En Granada, me dicen desde los colectivos que les tienden la mano con un bocadillo, un refresco, un rato de charla y un café, que calculan que son doscientas las personas que no tienen techo y guardan todas sus posesiones en un viejo carrito de la compra, en una maleta desvencijada, en bolsas de grandes superficies.

En las calles del verano julio deja su ardentía en el asfalto mientras la ciudad se viste de calor y de paciencia para afrontar estas temperaturas que esconden a la ciudadanía en sus casas, amparados por la climatización o los ventiladores. Quien se arriesga a salir, lo hace buscando las sombras perentorias de esos árboles, el hogar de los gorrioncillos jovenzuelos que practican sus vuelos inexpertos para volver luego, ufanos, a contarle a sus padres las aventuras fuera del domicilio, anclado ahí, en la rama más alta. Porque el significado de familia, de hogar, es ése: compartir en conversaciones serenas lo que acontece a cada uno de sus integrantes desde la comprensión y el apoyo mutuos.

Pero sucede que, en esta sociedad de prisas, donde cada cual va a lo suyo evidenciando el grado de deshumanización que nos caracteriza, seguramente nos hemos olvidado en alguno de los bolsillos del abrigo invernal que casi nunca utilizamos eso que antaño se denominaba solidaridad. Será por esto que andamos por las aceras o paseamos por las placetas, pero no nos percatamos de que, entre cartones y ropas viejas, están los restos de una casa, de un hogar que saltó por los aires y ha dejado a una persona sobreviviendo al raso.
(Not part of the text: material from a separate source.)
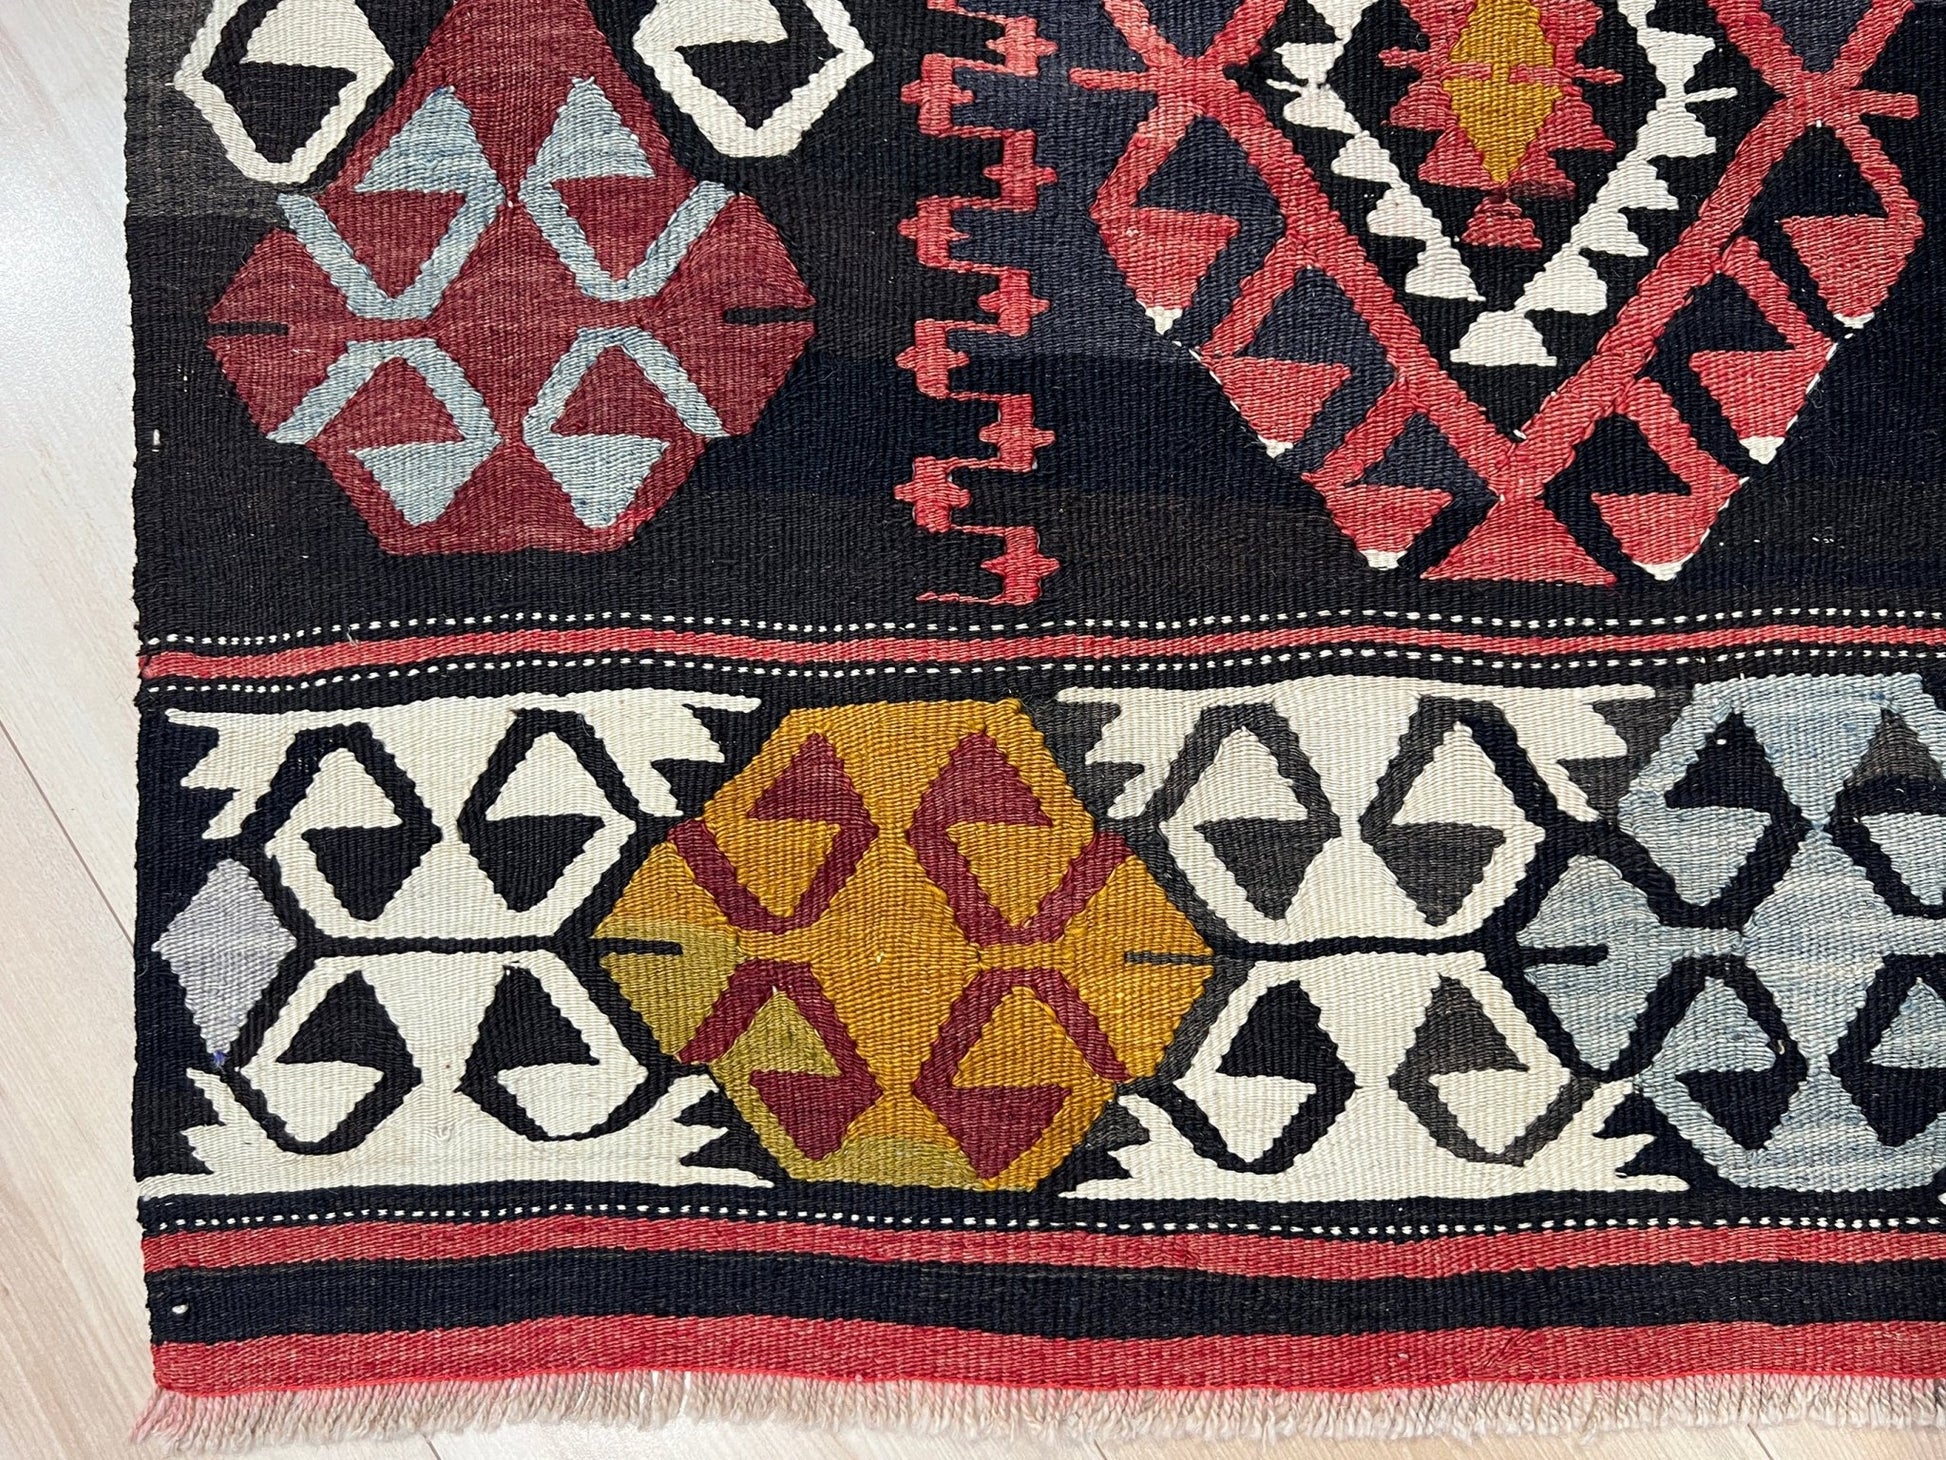 karakecili vintage turkish kilim rug shop san francisco bay area. Buy handmade flatweave rug. Bohemian style home decor.

En Granada, me dicen desde los colectivos que les tienden la mano con un bocadillo, un refresco, un rato de charla y un café, que calculan que son doscientas las personas que no tienen techo y guardan todas sus posesiones en un viejo carrito de la compra, en una maleta desvencijada, en bolsas de grandes superficies. Sus tesoros serán parecidos a los nuestros: fotos de seres queridos, documentos indispensables, tal vez alguna carta de amor desvaída o la primera muñeca que les regaló su madre, manchada por los estragos del tiempo. Algunos son ancianos maltratados por las traiciones de la existencia. Hay también  jóvenes, mujeres de mediana edad desesperadas, hombres fuertes mirando al suelo. Ninguno supuso que las circunstancias lo macharían con la depresión o la enfermedad,  pero hoy sostienen un cartel entre las manos explicando su situación, la ausencia de trabajo, que duermen en una plaza; mientras, nosotros los convertimos en seres transparentes.

Ocasionalmente, alguien arroja sin mirar una moneda al hatillo, a la gorra, sin percatarse de que pudo dársela en la mano. Hasta ese punto hemos perdido la dignidad. Nosotros, no ellos, que, desde su desamparo, ven como los expulsamos como sociedad porque las administraciones tampoco aportan los medios económicos y técnicos suficientes para darles esa oportunidad que merecen. Mi nueva amiga Loli Lirola sabe bien que son imprescindibles más asistentes sociales que analicen sus necesidades básicas para regresar a una vida digna (residencias para mayores, pisos supervisados, tratamiento psicológico o rehabilitación) y aumentar los presupuestos de Asuntos Sociales. Coincido, porque cualquier ayuda real va más allá de dormir cuatro noches en un albergue abandonando todas sus cosas o al perrillo que les acompaña, el fiel compañero que nunca los traicionaría. Mientras no se haga lo suficiente, la calle seguirá matando a personas.  Como Antonio, que tenía 54 años y llevaba trece en la calle. Una vez tuvo una familia, pero precisamente una depresión acabó con todo. Murió hace quince días y hoy pocos recordarán su nombre. Solamente quienes hayan pensado por un instante que, Antonio, si la suerte soplara en contra, podría tener nuestros ojos.